— WHAT YOU SHOULD DO —
Could you give the listing again exactly, without its pictures?

— PROVIDED DATA —
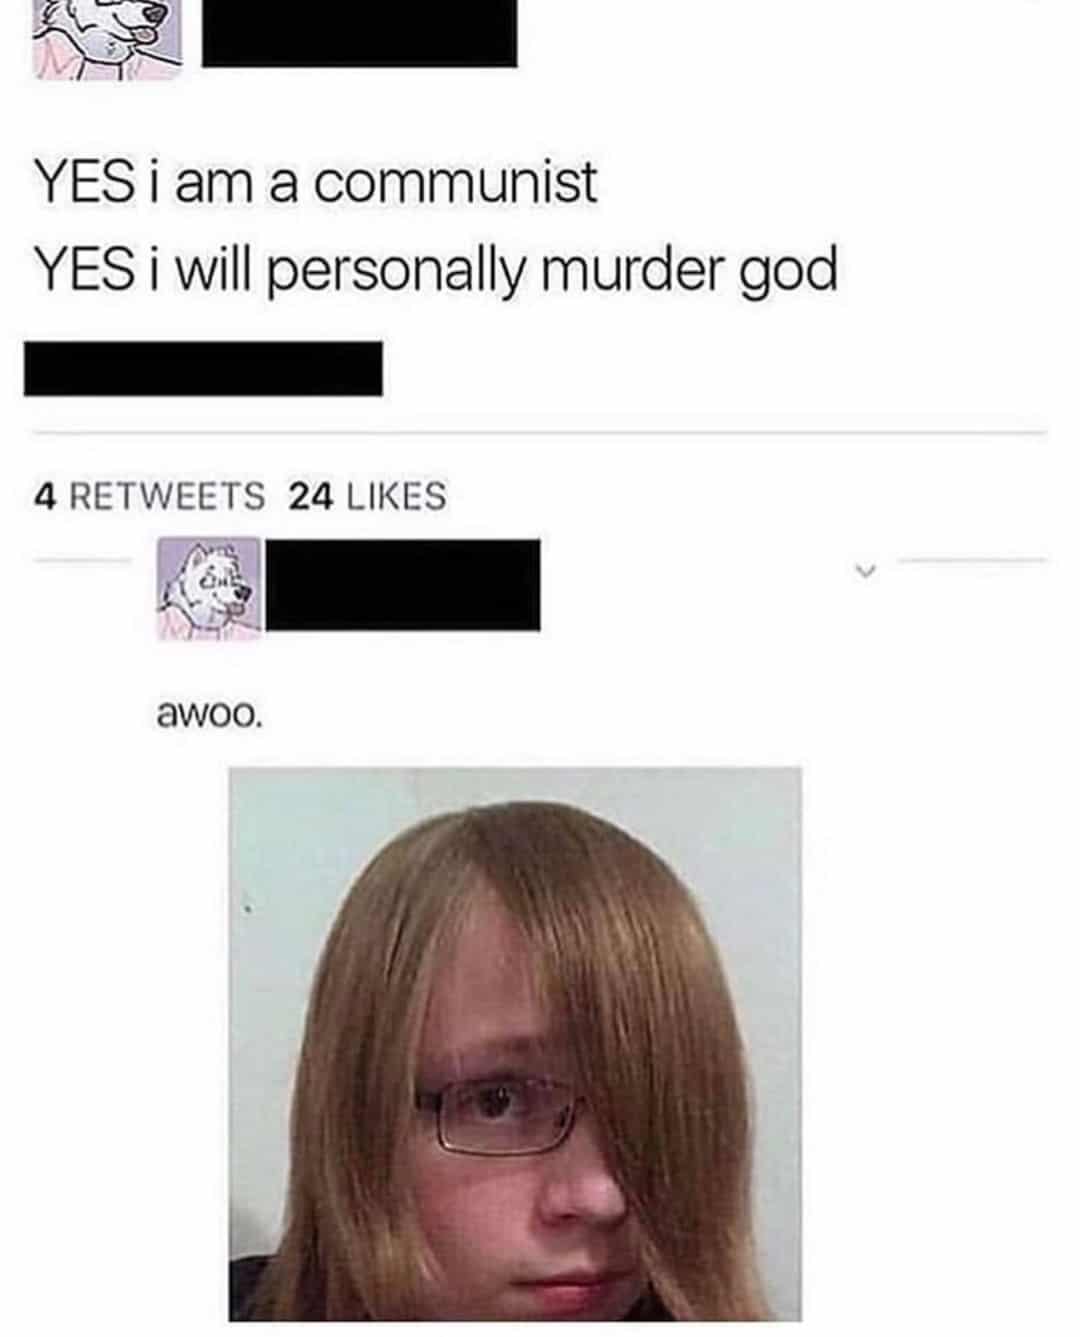 Cringe, London cringe memes Cringe, London text: YES i am a communist YES i will personally murder god 4 RETWEETS 24 LIKES awoo. 
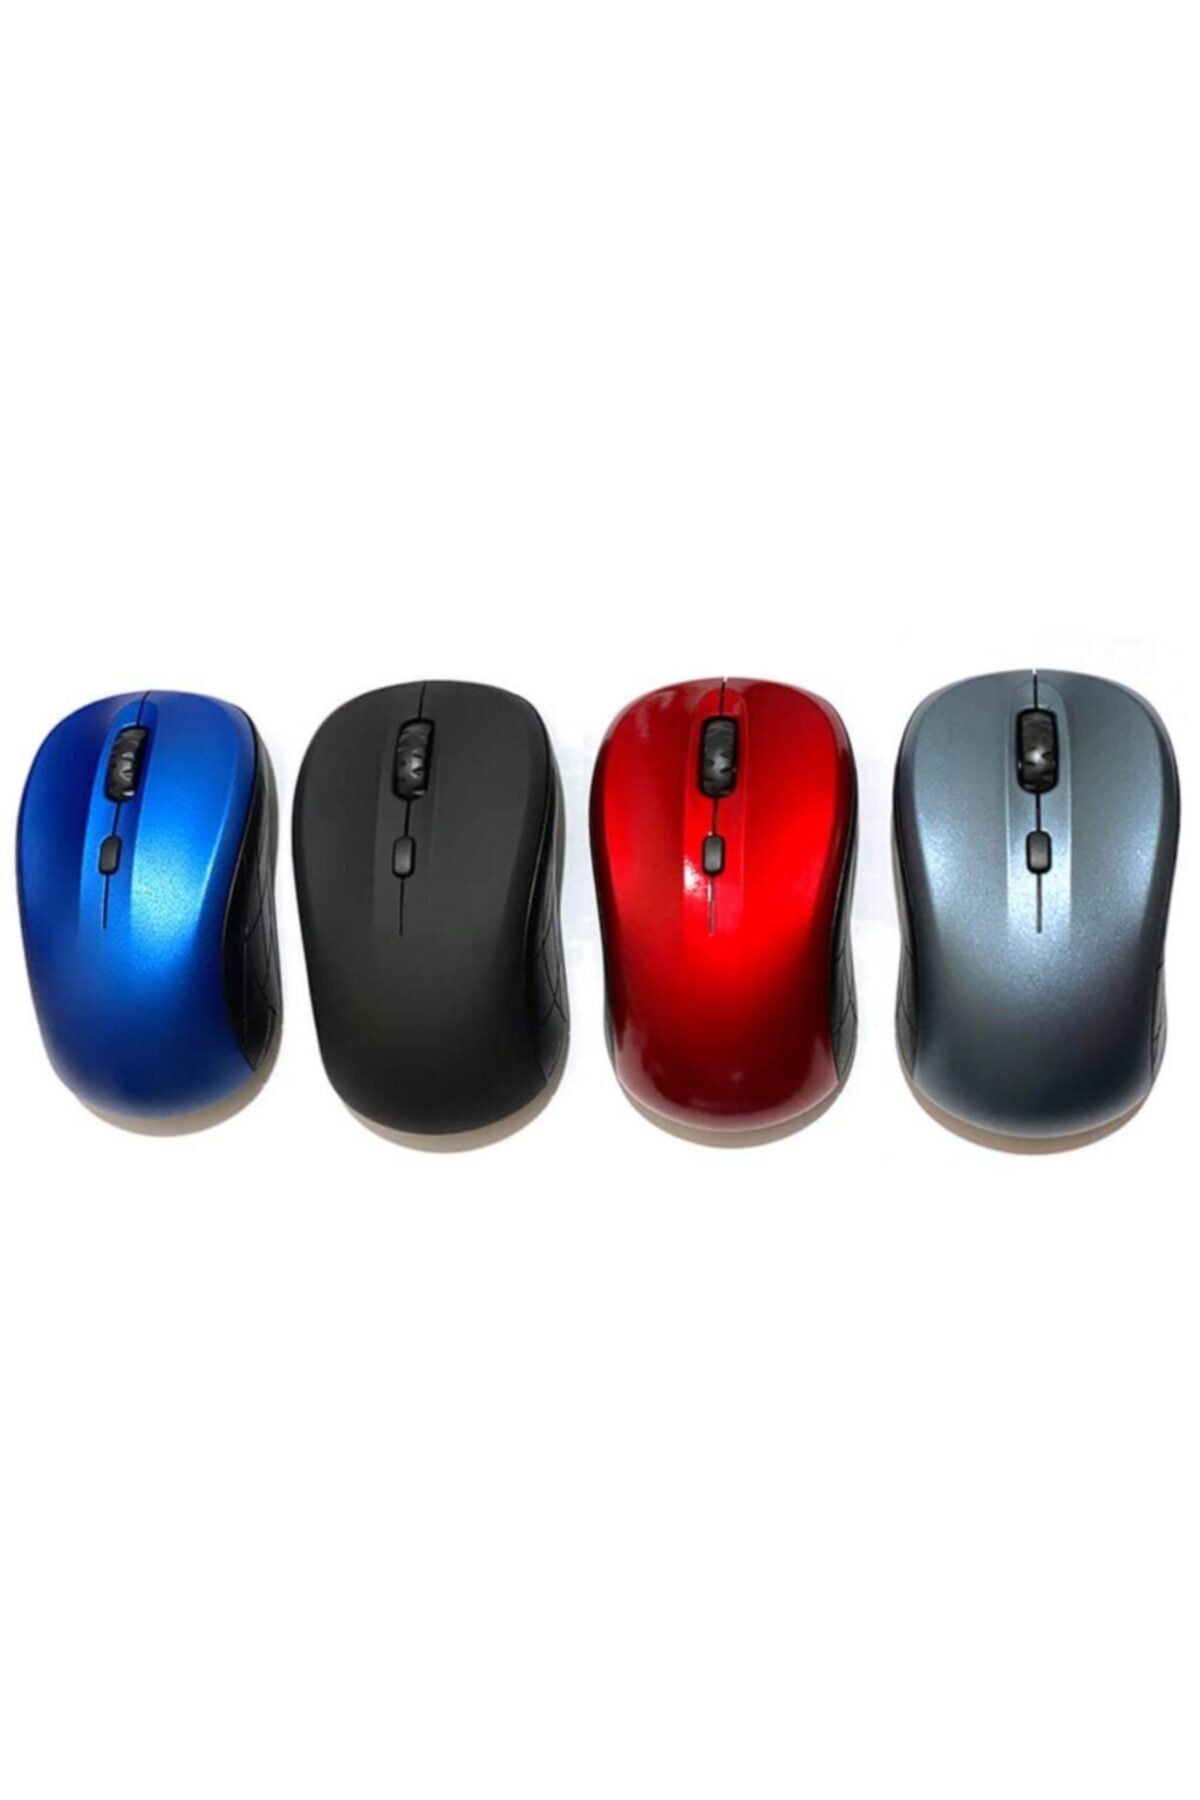 WOZLO Kablosuz Optik Mouse - Wireless Mouse - Maus - Fare
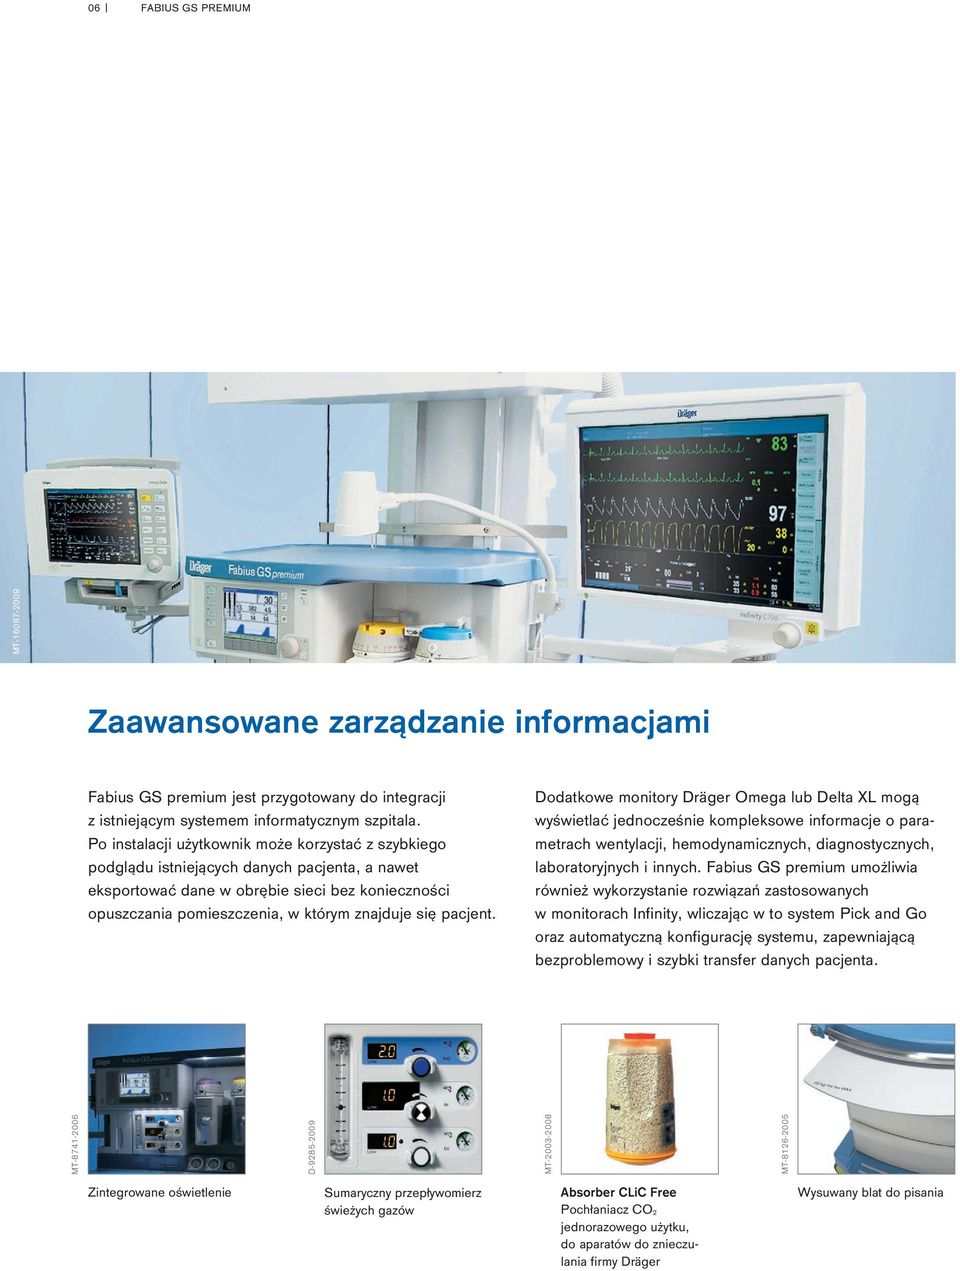 pacjent. Dodatkowe monitory Dräger Omega lub Delta XL mogą wyświetlać jednocześnie kompleksowe informacje o parametrach wentylacji, hemodynamicznych, diagnostycznych, laboratoryjnych i innych.

— COMPLETED TASK —
 Cringe, London cringe memes Cringe, London text: YES i am a communist YES i will personally murder god 4 RETWEETS 24 LIKES awoo. 
 WOZLO Kablosuz Optik Mouse - Wireless Mouse - Maus - Fare
 pacjent. Dodatkowe monitory Dräger Omega lub Delta XL mogą wyświetlać jednocześnie kompleksowe informacje o parametrach wentylacji, hemodynamicznych, diagnostycznych, laboratoryjnych i innych.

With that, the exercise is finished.